COVID-19 epidemic Financial turmoil continues to arise for a lot of Americans. If you qualify for the latest round COVID-19 promotion check, You have either already received it or you are eagerly awaiting its arrival.
Whether you are eligible for some or all of the COVID-19 $ 1,400 incentive check, make sure you use the money where you need it most. Yes, this is an incentive check, but don’t be shy to spend it on nonprofits until you’re in really good shape financially.
Should You Pay Off Credit Card Debt or Save Your Incentive? I know that you want to use that money in the best way, given your own unique situation. So I’m going to help you figure this out.
Let’s look at three different scenarios and see how the solutions play out for each:
By the way, I wish that I could cover every possible situation so that I could adapt it for you. But hopefully you will get at least some common ground here which will take you in the right direction.
Scenario No. 1: Large amount of high-interest credit card debt and no savings
If you have zero savings and you are still facing epidemic-related losses or even unemployment, I want you to put your incentive check in an emergency fund.
For now, keep making the minimum payment on your credit card by the due date. Using more than 30% of your available credit limit reduces your credit score, but an excellent payment history can help reduce your losses. FICO score.
Credit card debt is definitely “bad debt”, so I’m not going to let you off the hook. An example of “good debt” is The mortgage At your home, assuming you don’t owe more than you deserve it. It is a good loan because it is an investment.
As your employment situation stabilizes, you need to focus on paying off your credit card debt. But in your situation, financial survival is a priority, so in the case of your savings keep the check in a position when you need to make a minimum payment or pay off the mortgage later.
But what if your income situation – and that of your partner, if applicable – is stable? This changes the mixture slightly. Suppose you got a credit card with a 25% annual rate and a $ 10,000 balance. If you still have great credit, apply for one Balance transfer credit card With an introductory 0% APR. Right now, the best offer carries a 0% intro rate for about 12 to 18 months.
Calculate how much you need to pay per month to get out of debt – and don’t forget to include the potential transfer fee amount, which is 3% to 5% on average. That way, you start paying off your loan, still saving that incentive check.
View Topic? Save as much as possible to ride the rest of the epidemic, but if your family income situation is still stable, start paying high-interest credit cards with a balance transfer card or with a credit card. Consolidate debt With a personal loan that has a very low APR.

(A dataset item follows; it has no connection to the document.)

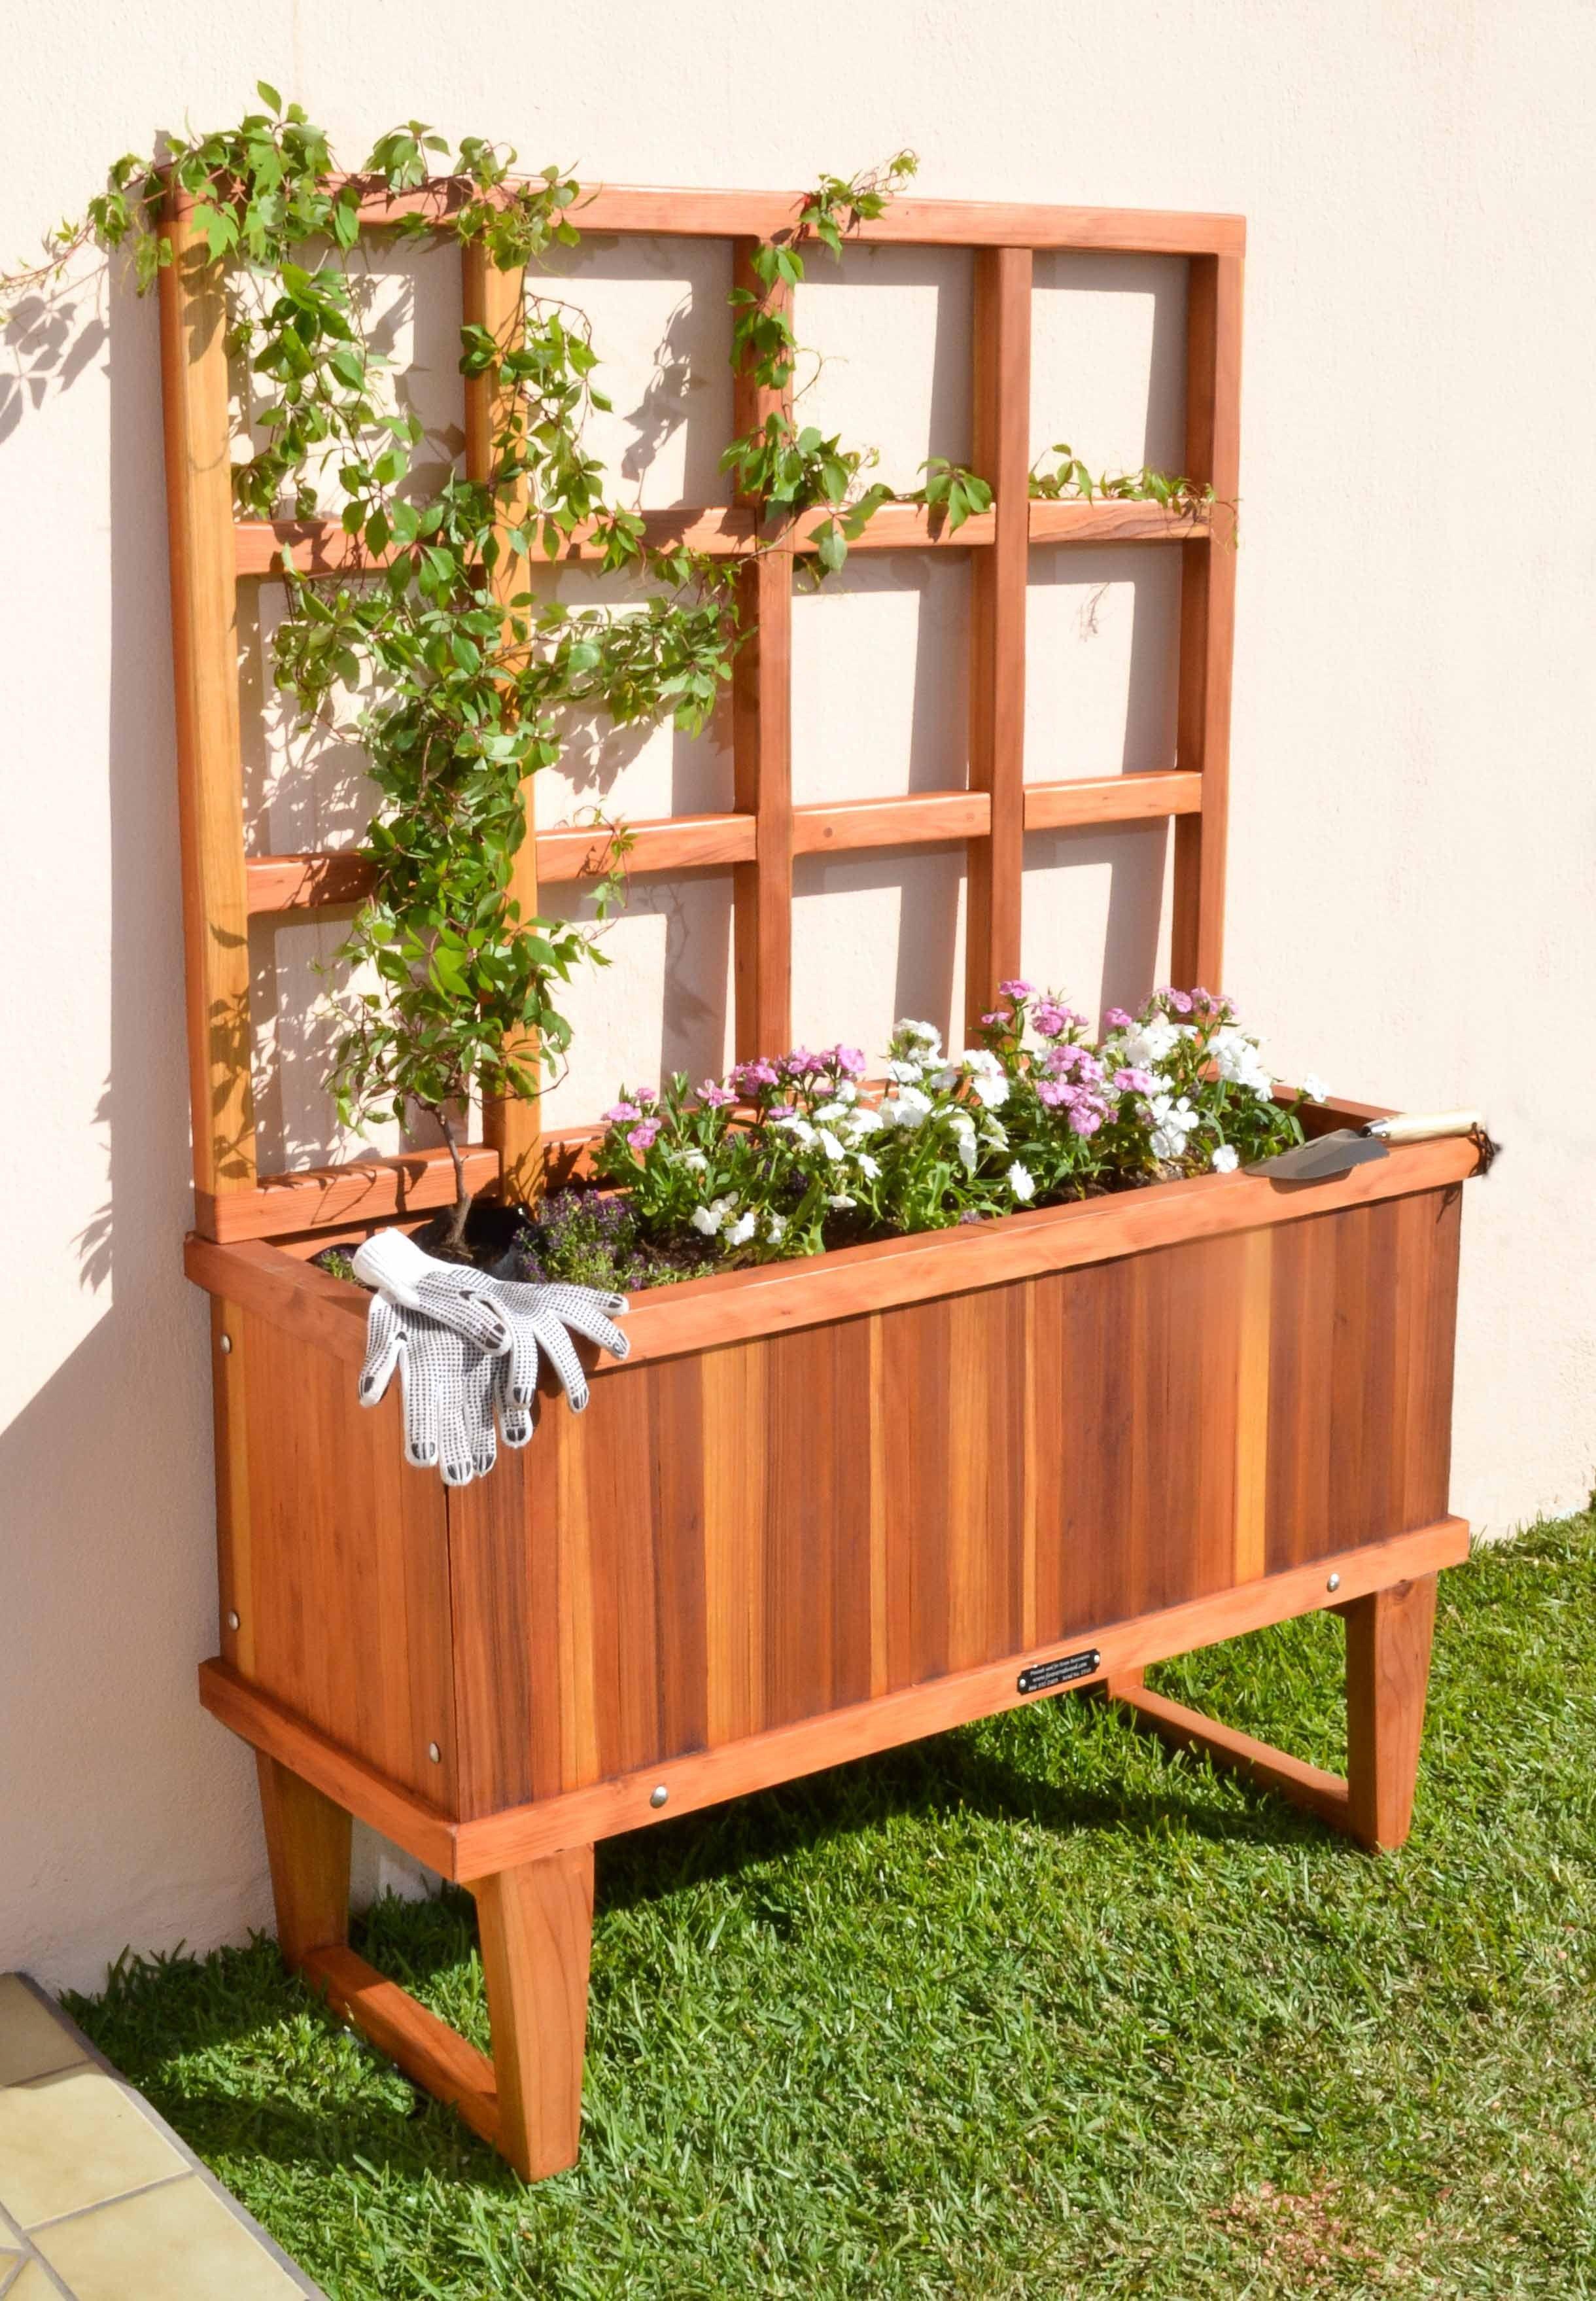 Portable Flower Bed Pallets Garden Redwood Planter

Scenario number 2: some low-interest credit card debt and some savings
We are going to look at this scenario based on your savings amount at this time. How many months of expenses can you cover using your emergency fund? Take a look at the breakdown, and be completely honest.
- Less than three months: Put the entire savings in your savings.

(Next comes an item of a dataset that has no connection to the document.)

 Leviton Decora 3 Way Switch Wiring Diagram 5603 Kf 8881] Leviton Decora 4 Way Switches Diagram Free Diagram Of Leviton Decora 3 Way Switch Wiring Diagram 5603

- Less than six months: Put entire savings in your savings.
- More than six months: This is awesome. If your income is stable, pay a little more than the minimum payment on a credit card, say an additional $ 50 to $ 100. The remaining check remains in savings.
This particular scenario can cause the most confusion. You are not sure which fire should be extinguished first. Again, I leaned towards caution. Pay a little debt, but only if you have an emergency fund that covers at least six months of savings.
Scenario number 3: Small amount of high-interest credit card debt and large emergency fund
During an epidemic, I believe in reducing the risk. But there are exceptions, especially if your job situation is stable right now. If so, take most of your incentive checks and either repay your credit card debt or pay more than the minimum payment on each credit card.
And now we are clear, a large emergency fund means that you can live on your savings for at least nine to 12 months. And if you’ve got that, then congratulations on accumulating the money for a big rainy day. This is an impressive achievement.
But if you are too The tiniest Slightly unsure about your employment status, keep the entire check in your savings. It is unlikely that any epidemic-related financial difficulties or job instability will last longer than your savings, but it is best to overstate just in case.
For now, try to turn around, and we’ll make it through the rest of the COVID-19 crisis. Once your finances are back in order, I will help you choose a strategy to get rid of your credit card debt.